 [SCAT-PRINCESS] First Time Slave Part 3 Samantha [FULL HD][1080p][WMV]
□ □ □ □ □ □ □
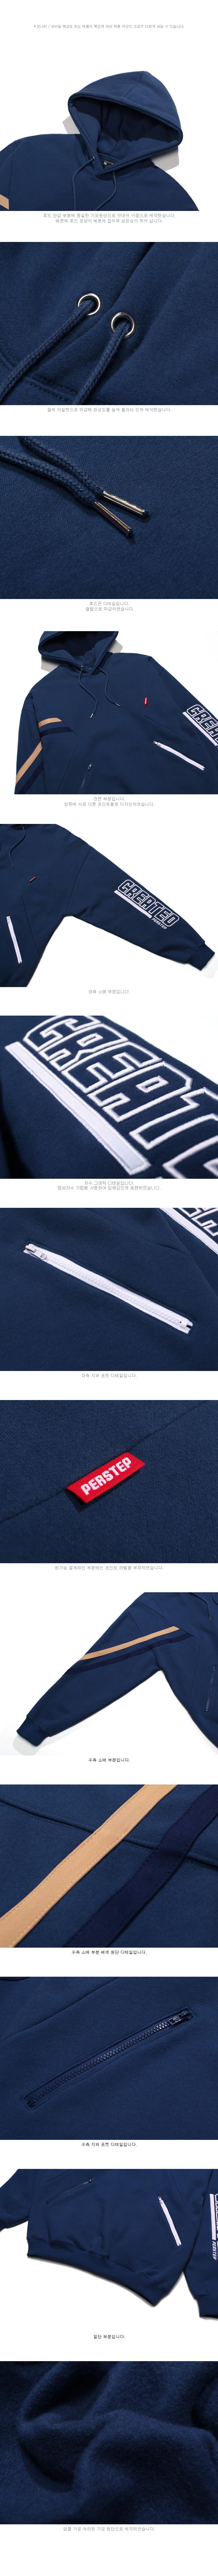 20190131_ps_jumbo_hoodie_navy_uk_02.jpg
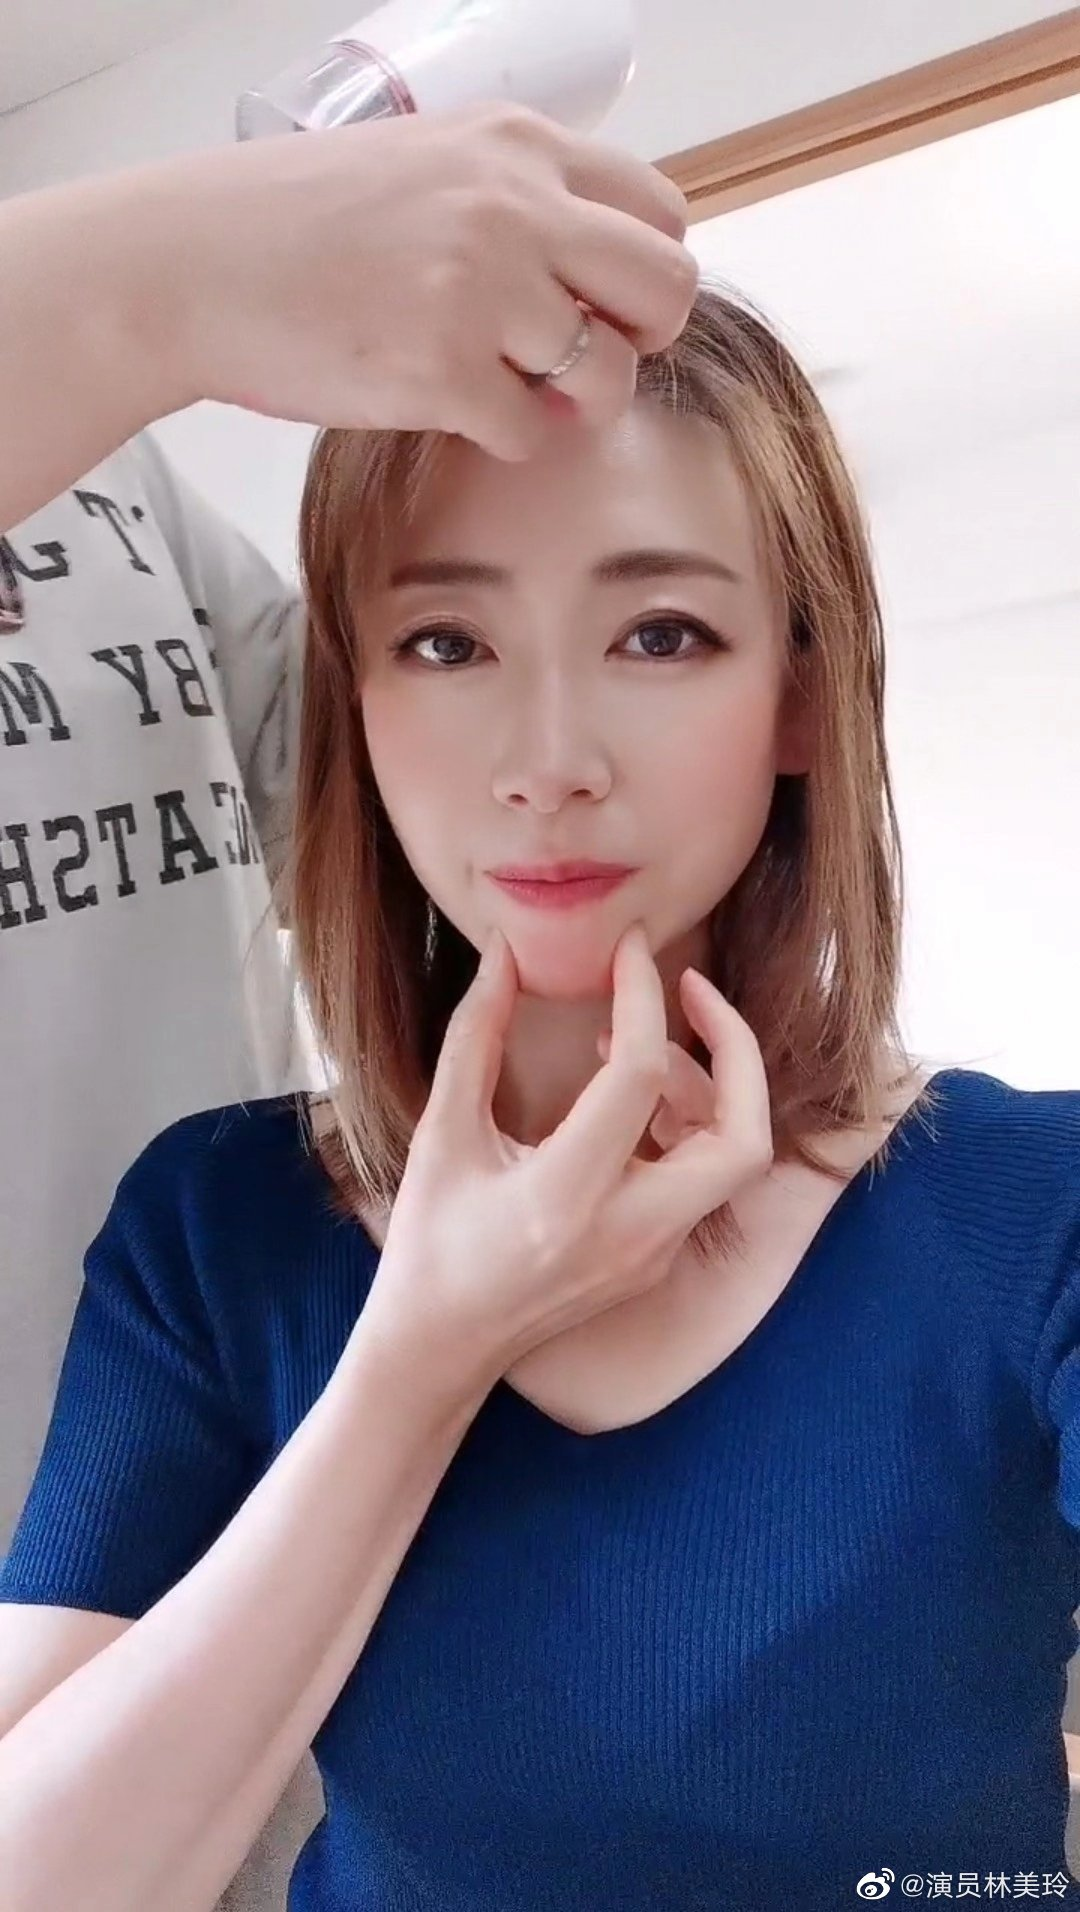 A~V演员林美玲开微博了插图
□ □ □ □ □ □ □
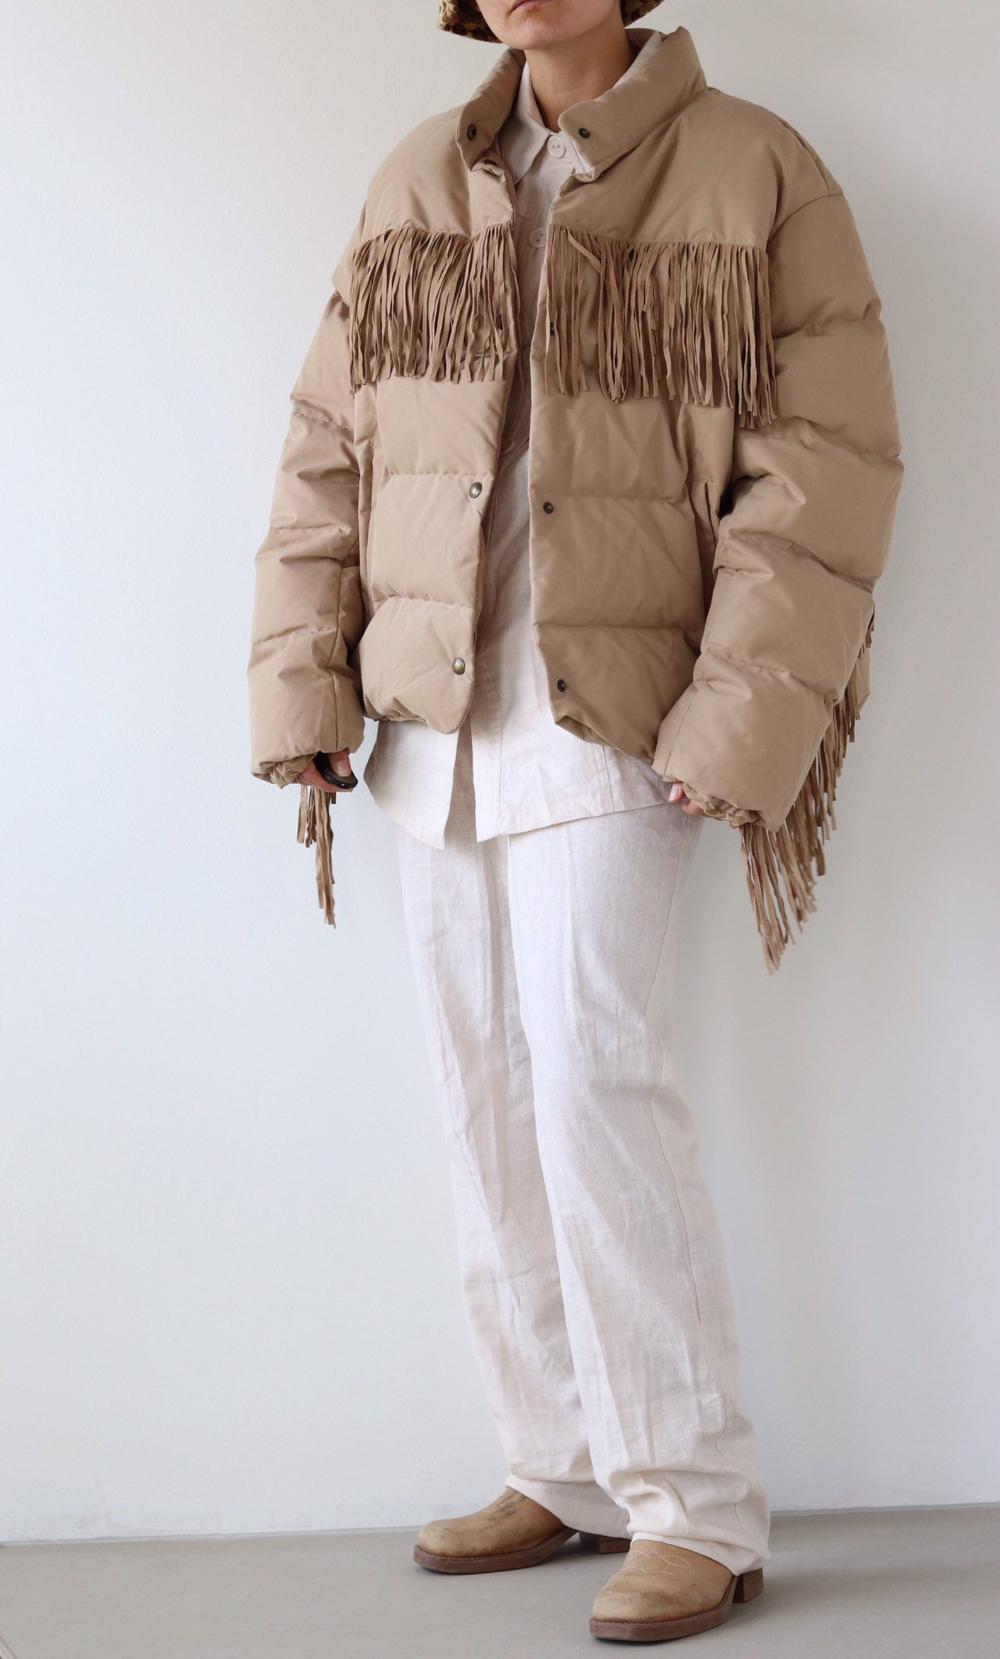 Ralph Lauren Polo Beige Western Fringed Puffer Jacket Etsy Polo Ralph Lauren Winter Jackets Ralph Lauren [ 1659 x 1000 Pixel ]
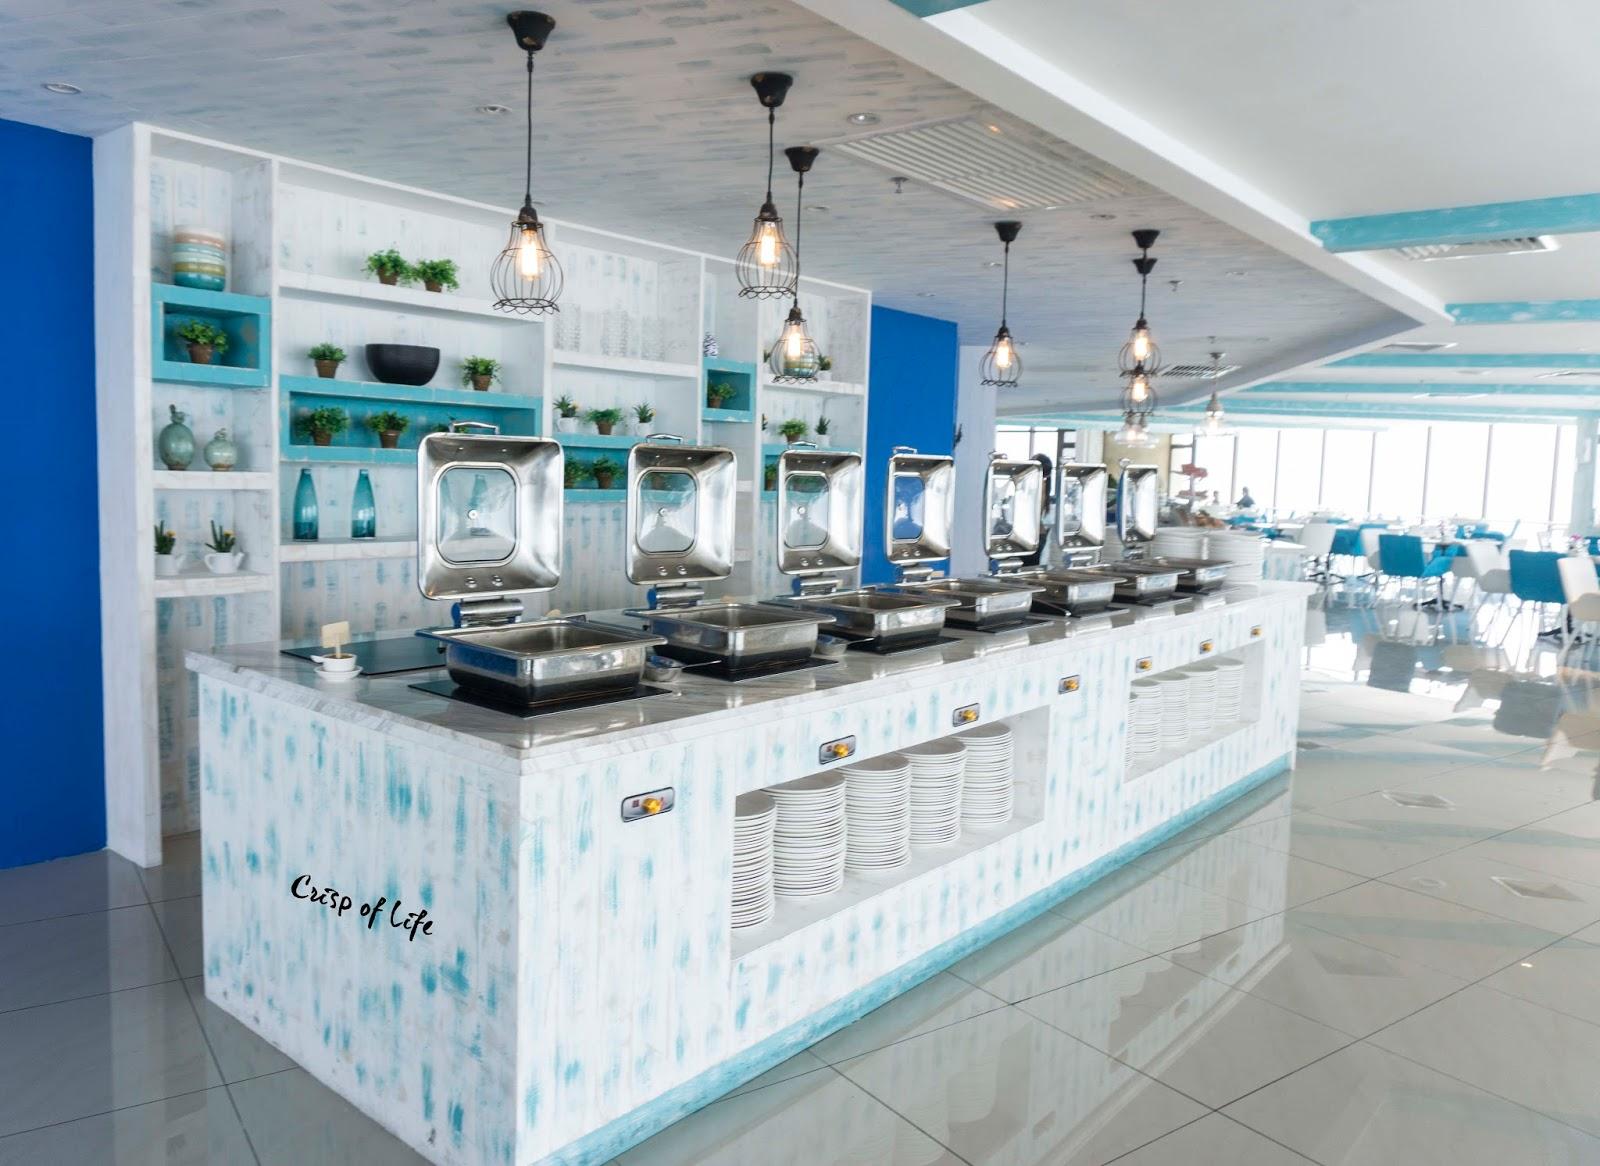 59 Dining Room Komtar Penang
□ □ □ □ □ □ □
EXERCISE OBJECTIVE: Look above for the line containing "20190131_ps_jumbo_hoodie_navy_uk_02.jpg", then write out every line from there down to the line containing "A~V演员林美玲开微博了插图", that line included, with no pictures.

WRITTEN RESPONSE:
 20190131_ps_jumbo_hoodie_navy_uk_02.jpg
 A~V演员林美玲开微博了插图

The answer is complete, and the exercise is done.